UN SDG 14 Life Below Water focuses on the conservation of the oceans, seas and marine resources. However, at times, it seems to be incongruous with fish farming practices, said Major. This is where technology comes in.

Aquaculture has been called out for the perceived negative impact to the environment, particularly in terms of water pollution and fish escapes. Remotely operated vehicles (ROVs) are an option that could minimize fish farming’s impact on the environment.

“Now more than ever before, underwater robots are making it possible to protect the environment, giving fish farmers eyes under the waves and allowing them to monitor water conditions effectively and in an environmentally savvy way,” Shannon Regan, communications specialist at Deep Trekker, told Aquaculture North America (ANA).

Visual monitoring of the fish feeding behaviour allows farmers to reduce overfeeding and waste. From what they see on the sea floor, they also get to make informed decisions on fallowing or recycling the pen to protect the ocean environment, Major said.

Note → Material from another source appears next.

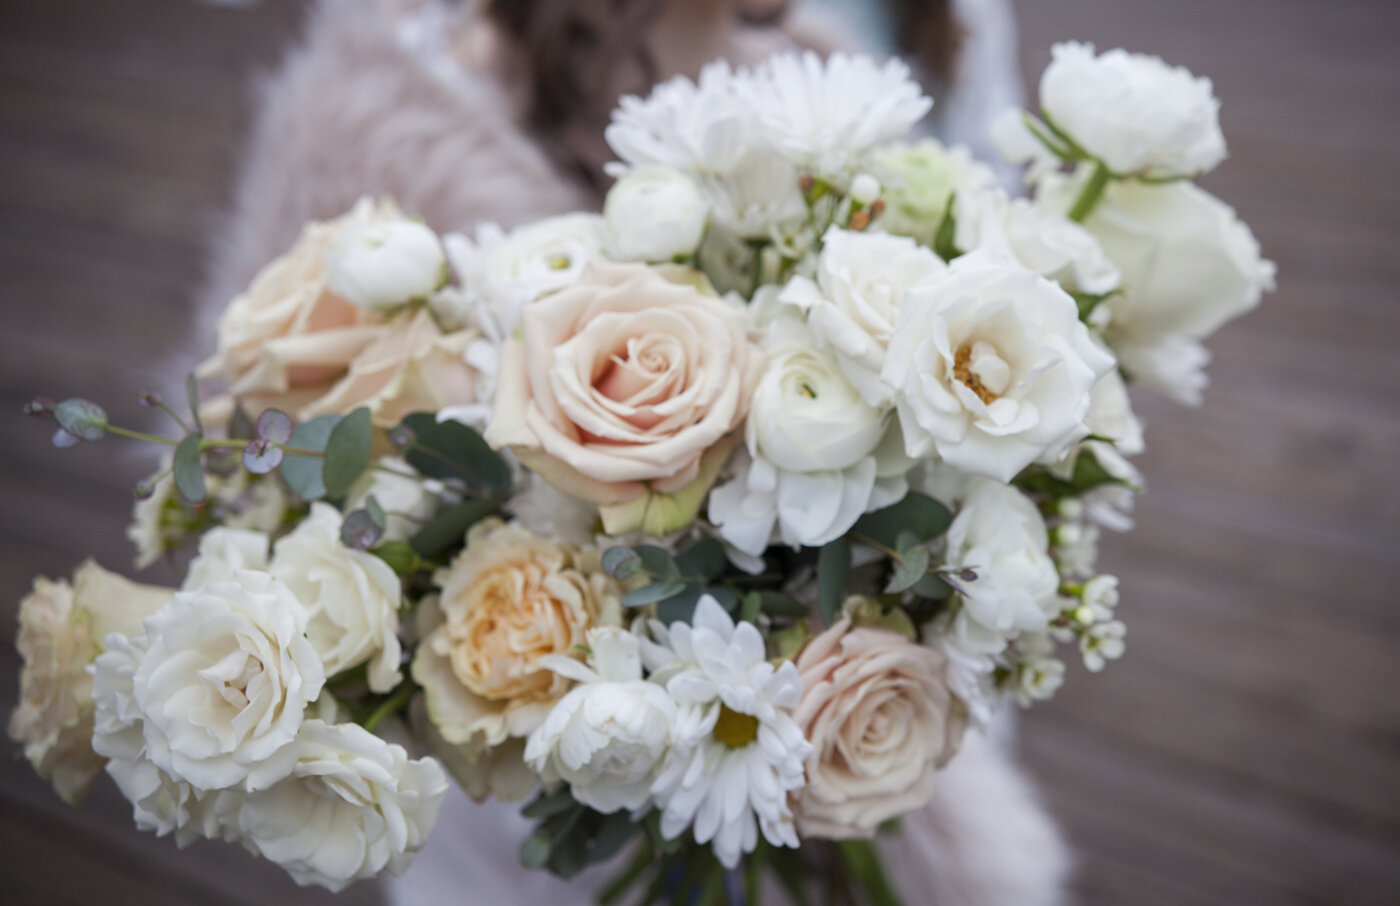 Seattle waterfront wedding with daisies by Bond in Bloom.jpg

Feed represents about half of the operational cost for the farmers so being able conserve and minimize wastage of the feed is crucial.

Attachments to the DTG2 ROV, their most popular product, such as the laser scaler and mort retrieval system are used to monitor and perform preventative maintenance and ensure the integrity and cleanliness of the farm environment. The cost of a diver to perform similar tasks is two to three times more than a single purchase of a DTG2 ROV, Regan said.

“The difference between running a sustainable operation and one that can poses risks to the surrounding environment depends on how often fish farms are inspected. It is recommended that farms are inspected on a daily basis,” she said.